Me puse de pie apartándome de mi madre. Todo aquello me tenía aturdida. Mi padre había preferido salvar mi vida sobre la de mi madre. Entonces por eso me odiaba. Por haber tomado esa decisión.

-Él no te odia, te ama con todo su corazón.

Me gire rápidamente. Era como si hubiera leído mis pensamientos.

-¿Cómo puedes saberlo? El me odia realmente. Nunca ha existido una buena relación entre ambos.

-Siempre he estado con ustedes –dijo de forma muy dulce-. Nunca los he abandonado. Tu padre habla conmigo todas las noches, no ha pasado una sola vez en la que no lo haga. Y siempre me pide por ti. Me pide por tu bienestar, por que sigas un buen camino y me pide que haga que no te conviertas en él.
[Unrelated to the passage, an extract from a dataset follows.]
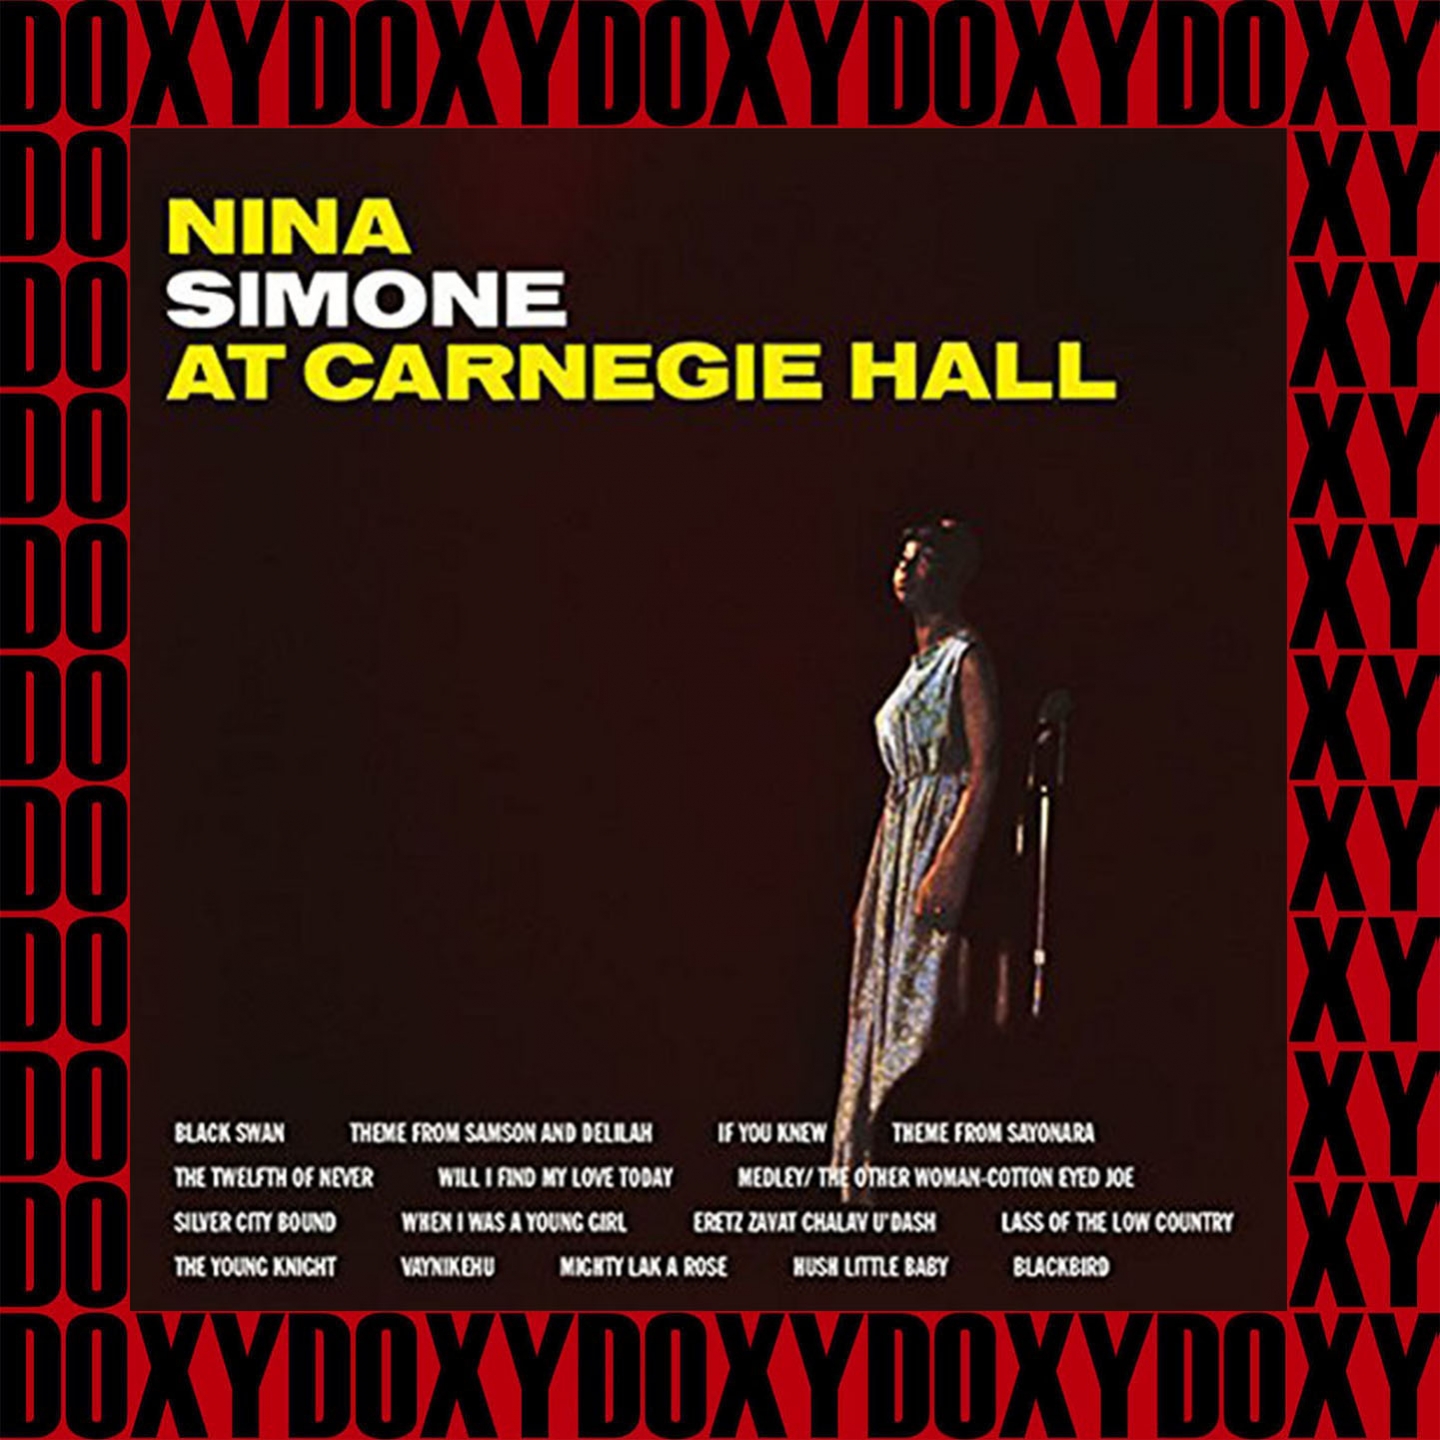 Nina Simone At Carnegie Hall (Remastered Version) (Doxy Collection)

Un nudo se formó en mi garganta. Ese no era el General que yo conocía. Siempre habíamos sido unas personas distantes, unos desconocidos uno del otro. Nunca me había contado la verdad. O quizá nunca se lo permití.

-Tienes que regresar y seguir con tu vida. Habrá muchas personas que entren y salgan de ella. Pero pase lo que pase, tú debes de seguir adelante. Eres una persona muy fuerte y sé que podrás cuidarte tu sola. No siempre podre estar enviándote ayuda –mi madre me había tomado de la mano.

-No sé cómo seguir adelante –dije con un sollozo al momento en que nos abrazábamos-. No puedo seguir yo sola. No puedo…

-Claro que puedes y no estás sola. Estas rodeada de mucha gente para la cual tu eres muy especial. Solo abre tu corazón y no te encierres en la soledad. Estas apunto de pasar por algo nuevamente difícil y no debes de apartarte de la gente que más te quiere.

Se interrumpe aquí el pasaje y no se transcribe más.